[[ Exercise materials open ]]

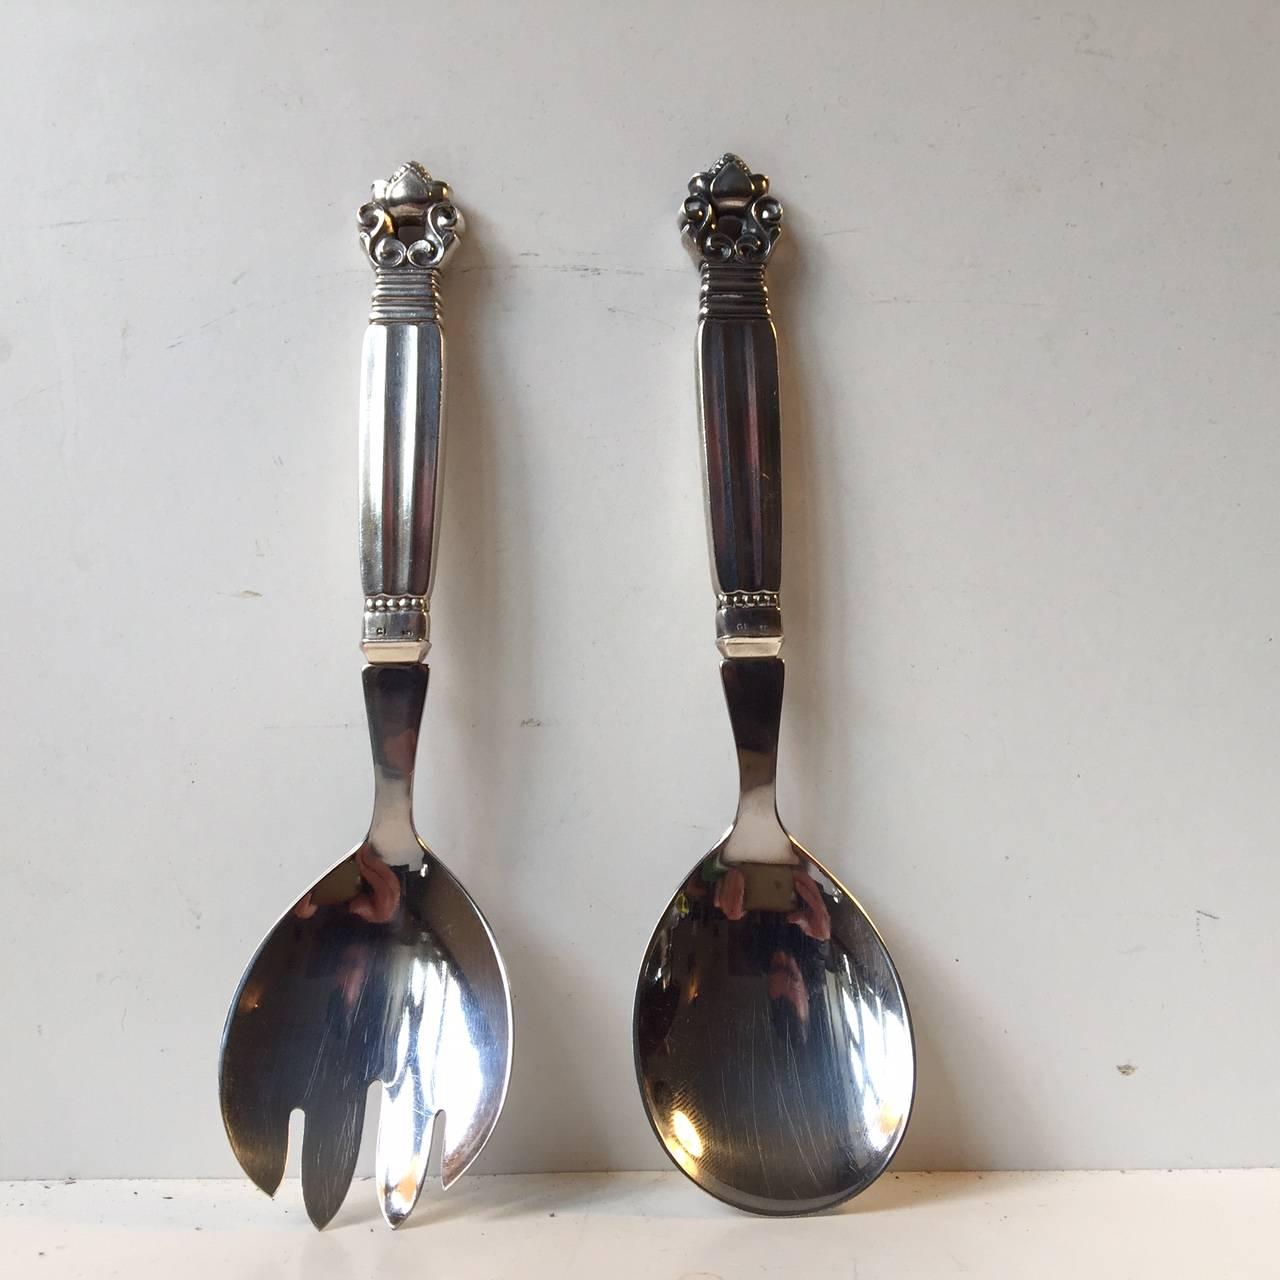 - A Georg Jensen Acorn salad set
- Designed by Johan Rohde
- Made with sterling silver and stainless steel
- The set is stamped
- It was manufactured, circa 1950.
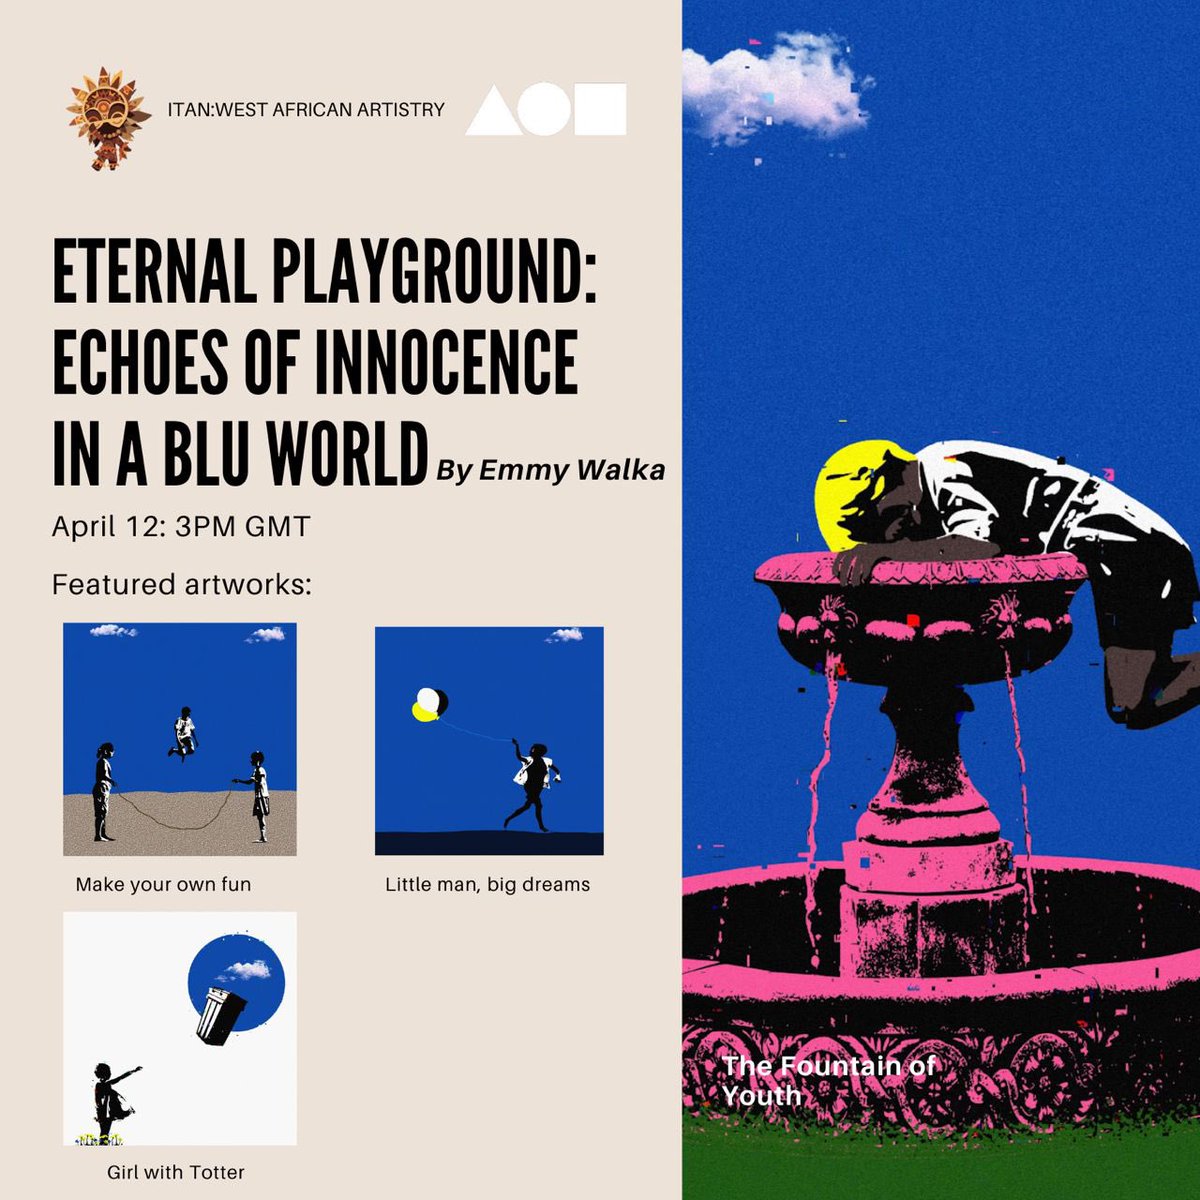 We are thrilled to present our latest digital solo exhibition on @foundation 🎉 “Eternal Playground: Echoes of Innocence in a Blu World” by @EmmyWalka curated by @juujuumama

[[ Exercise materials closed ]]

Work to complete
Please write out, exactly, every line from the line with "- Designed by Johan Rohde" through the final line of the data above, leaving out pictures.

Your solution
- Designed by Johan Rohde
- Made with sterling silver and stainless steel
- The set is stamped
- It was manufactured, circa 1950.
 We are thrilled to present our latest digital solo exhibition on @foundation 🎉 “Eternal Playground: Echoes of Innocence in a Blu World” by @EmmyWalka curated by @juujuumama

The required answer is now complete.